══ Collected material ══
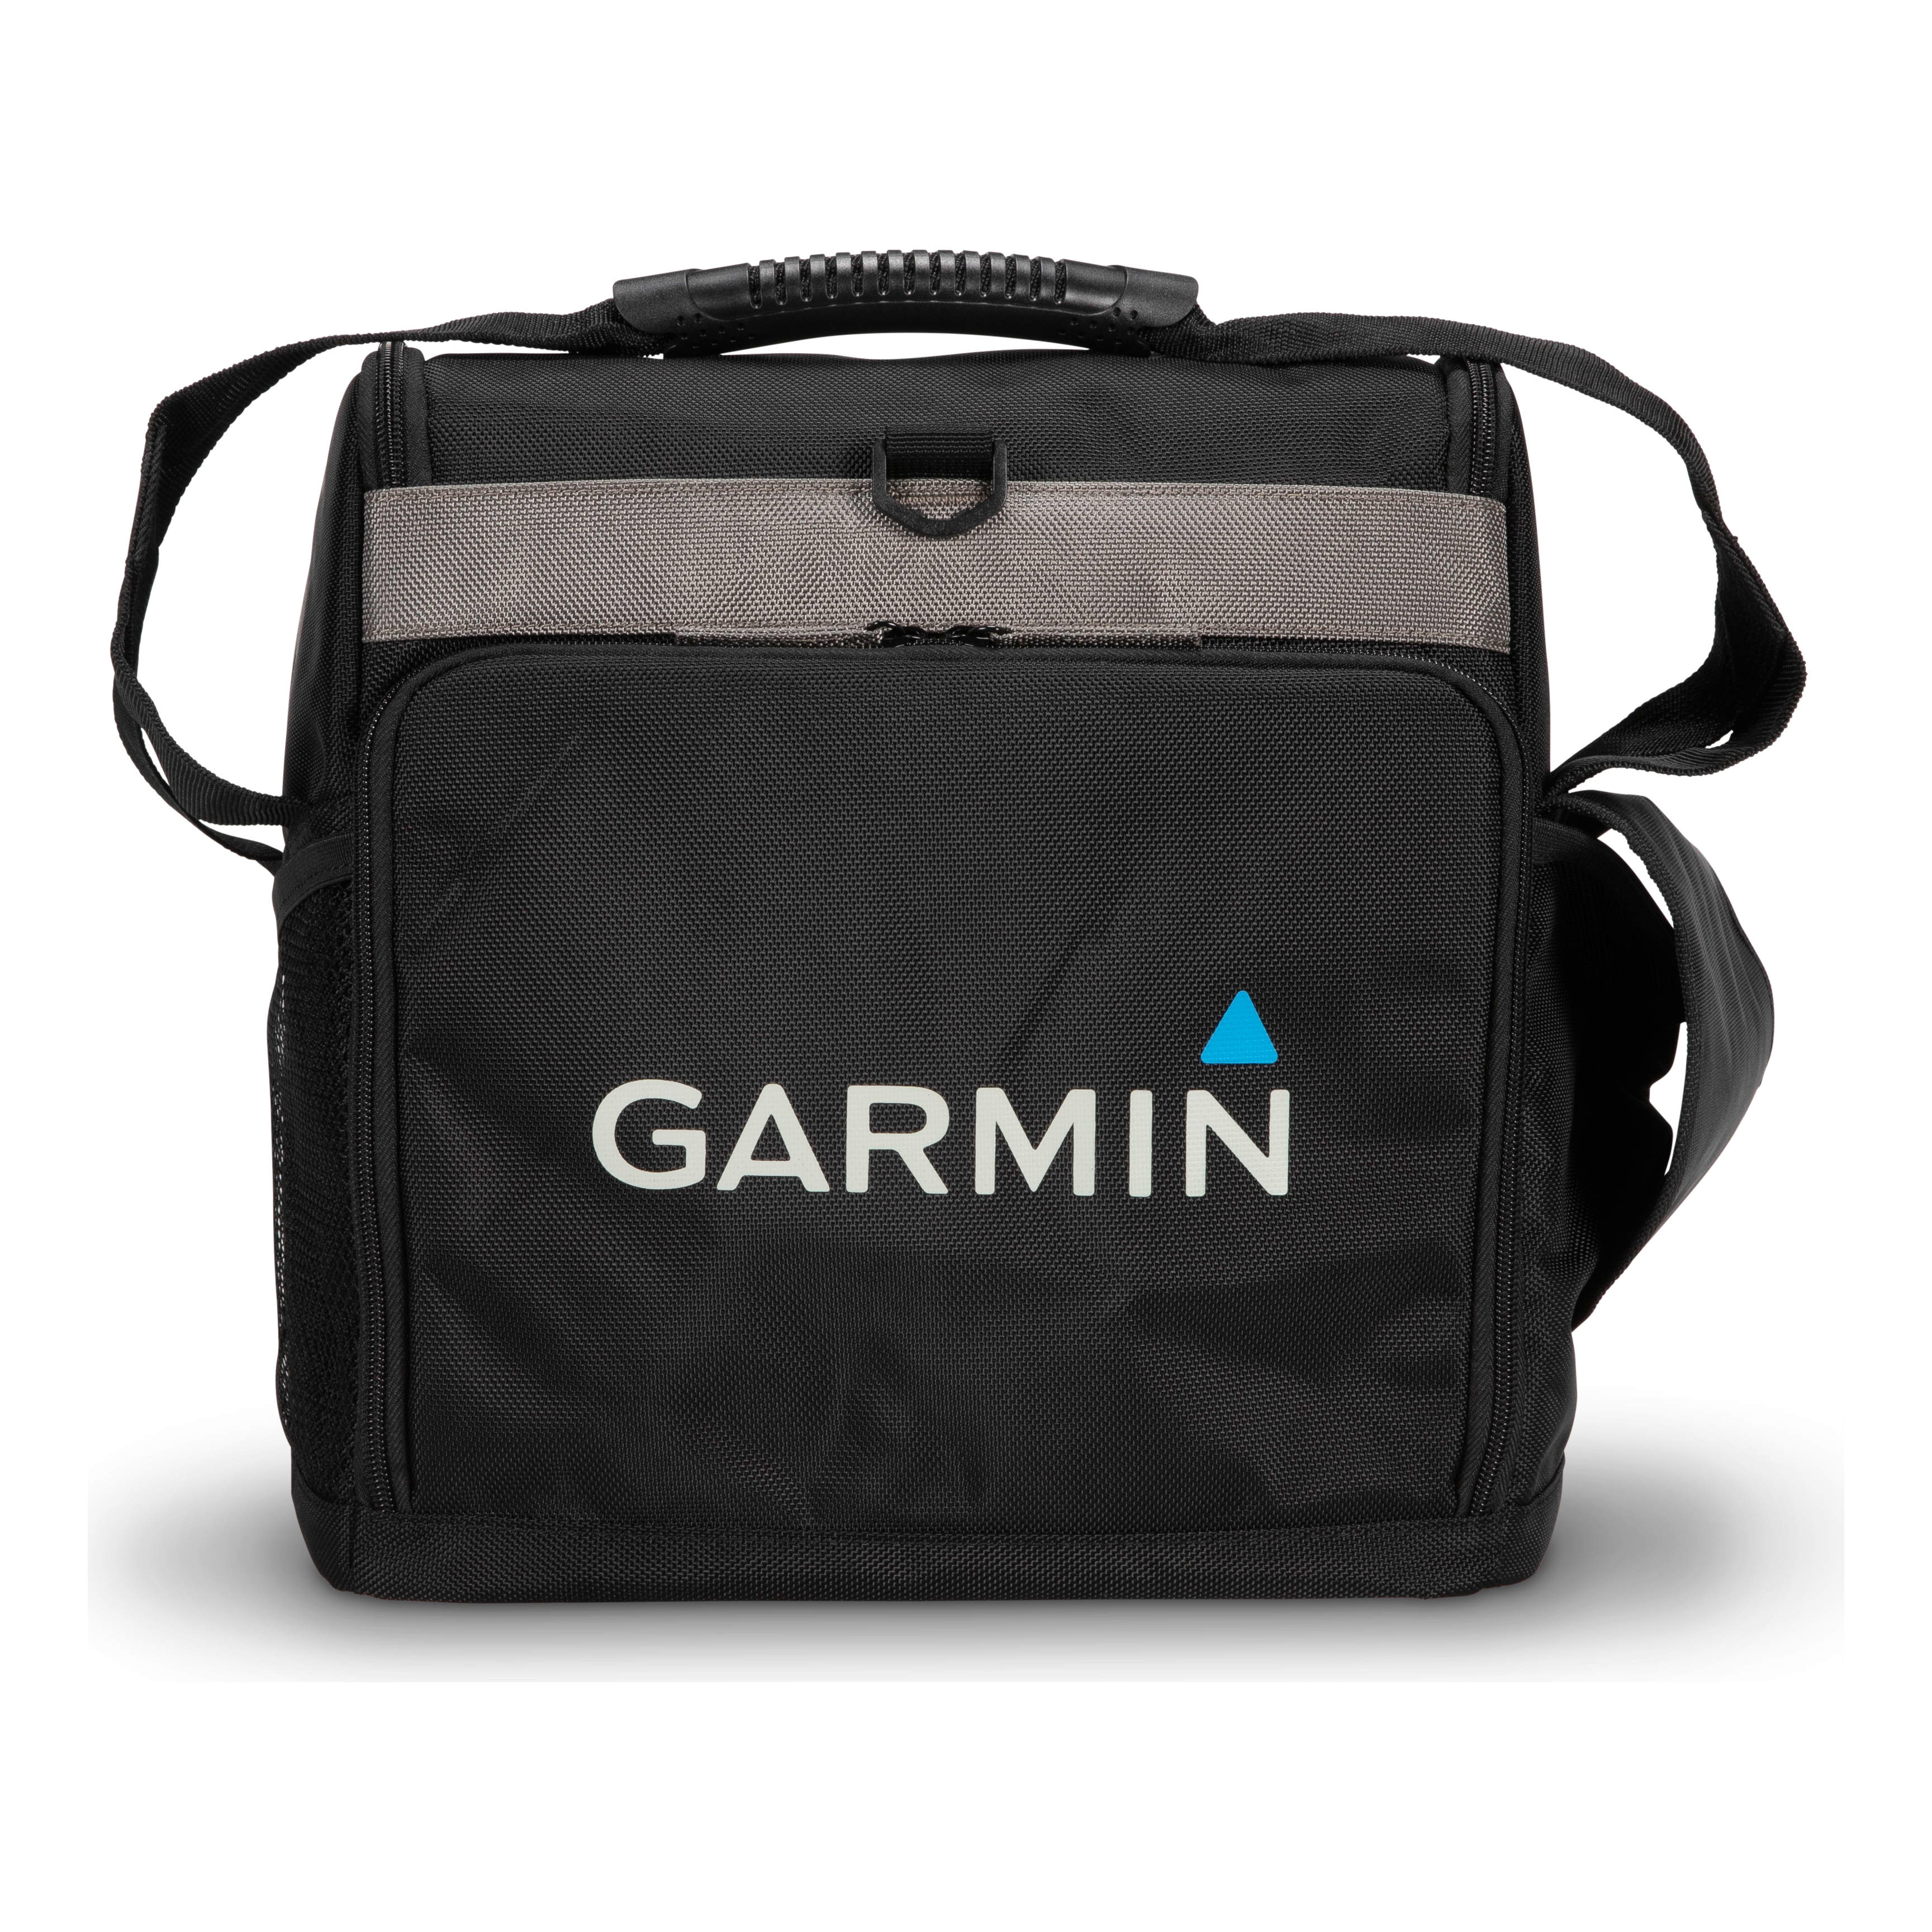 Garmin Extra Large Bag
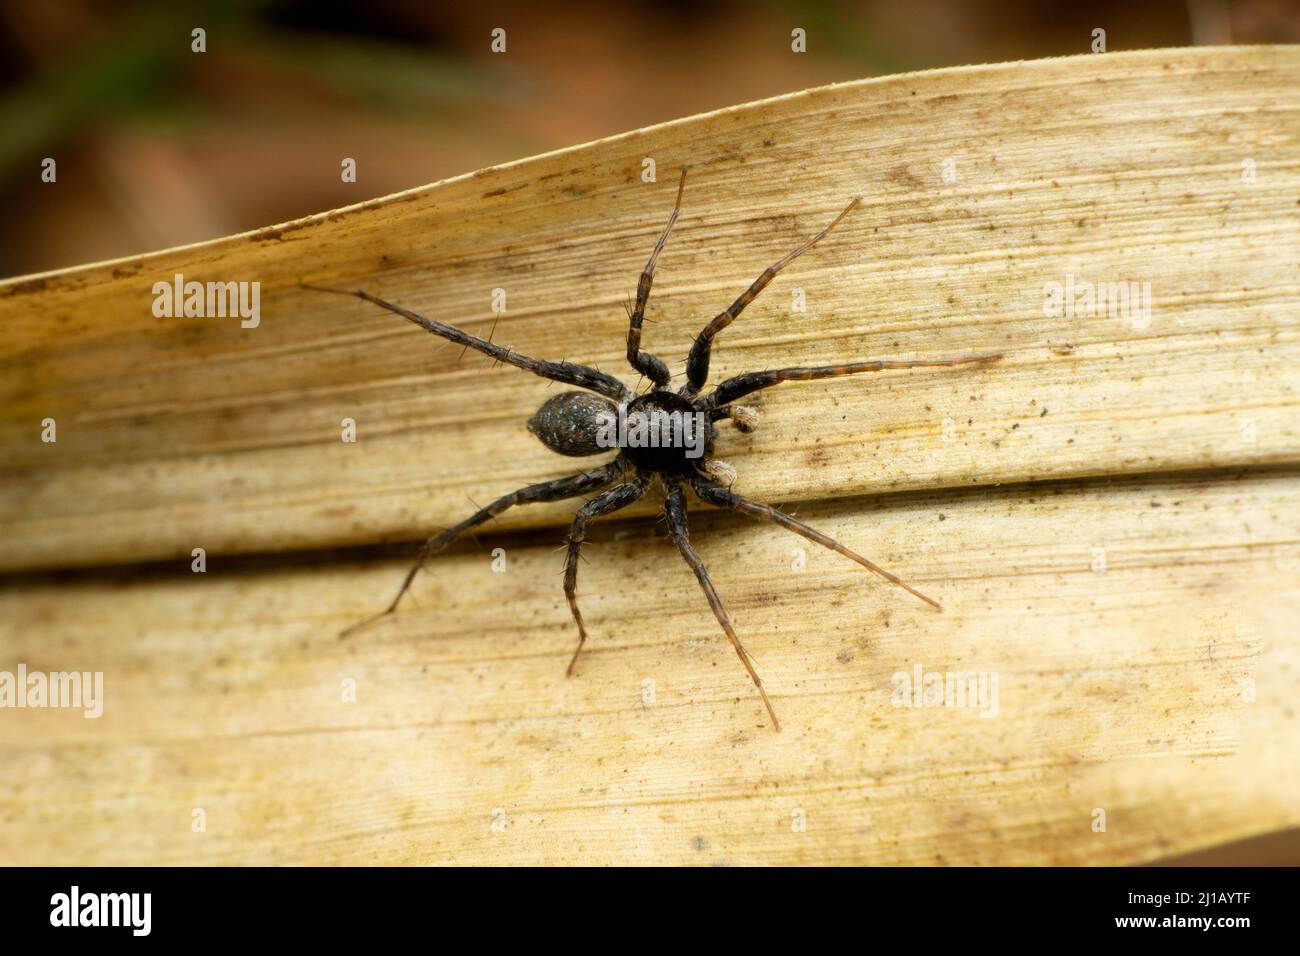 Black wolf spider , lycosa species, Satara, Maharashtra, India Stock Photo
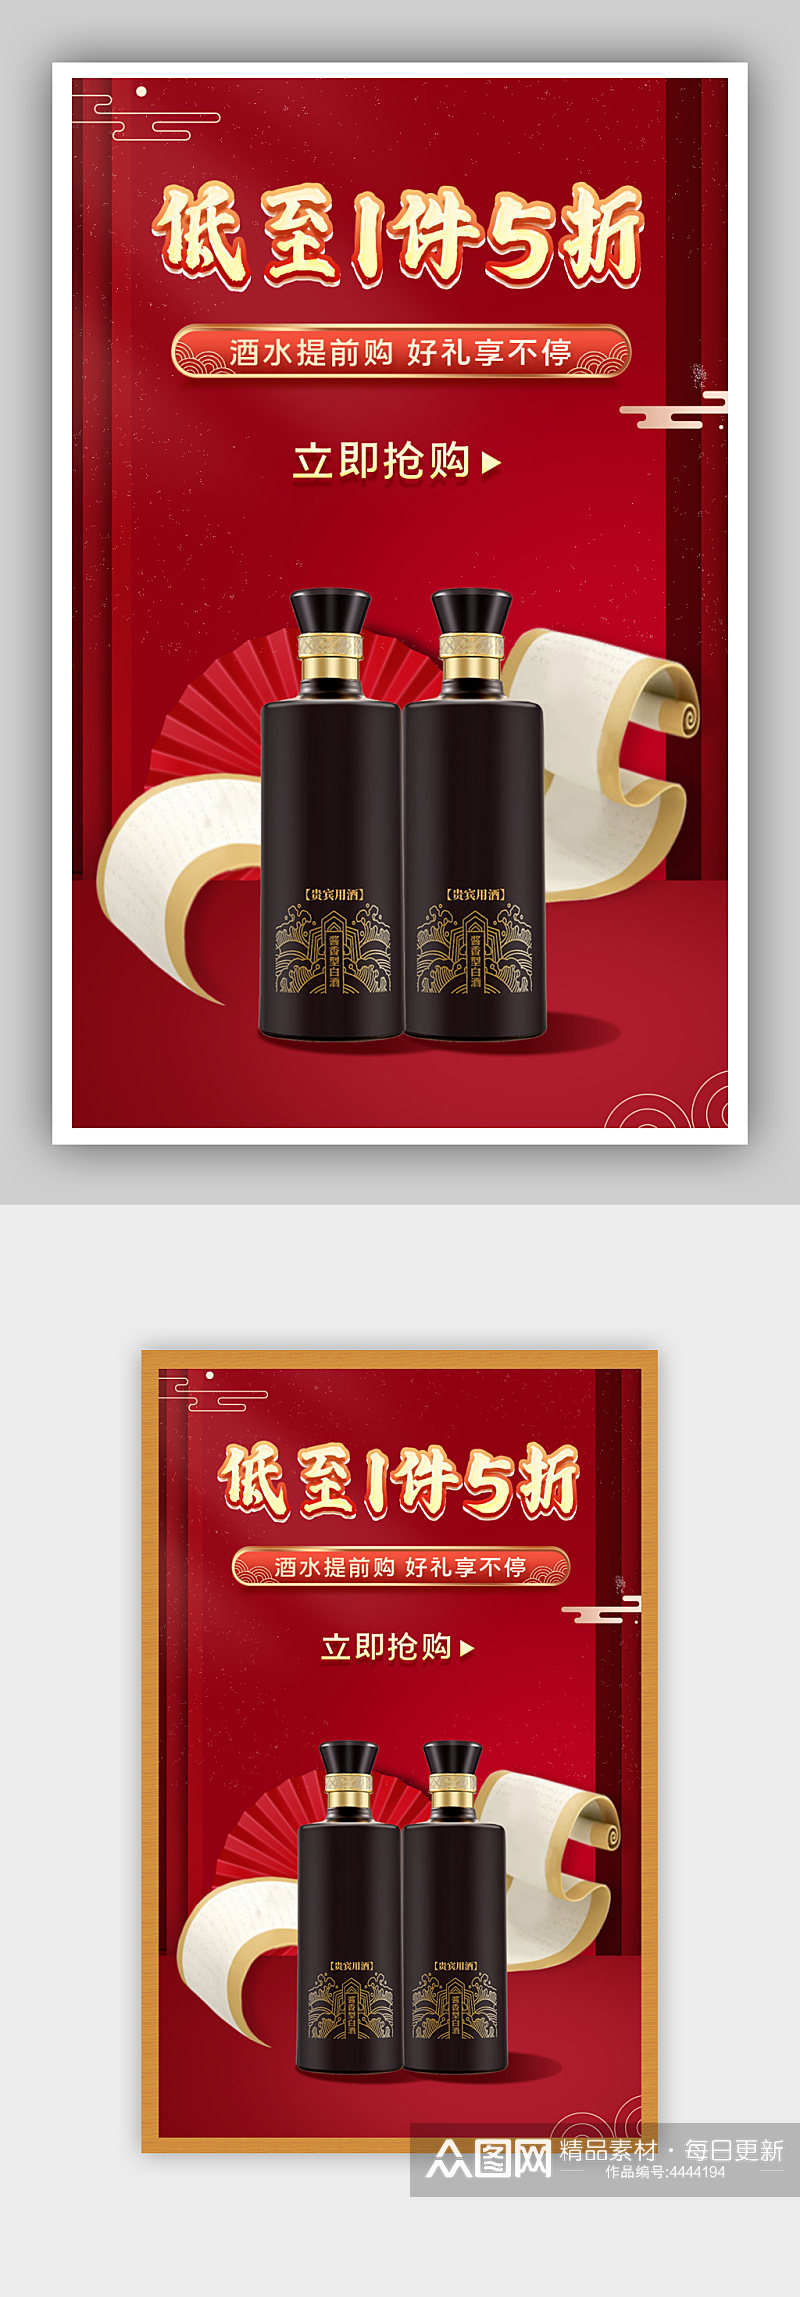 新年狂欢季元旦节酒水饮料红色中国风海报素材
═══
How to complete this task
Everything in the data except the pictures must be transcribed exactly.

Response box
 Garmin Extra Large Bag
 Black wolf spider , lycosa species, Satara, Maharashtra, India Stock Photo
 新年狂欢季元旦节酒水饮料红色中国风海报素材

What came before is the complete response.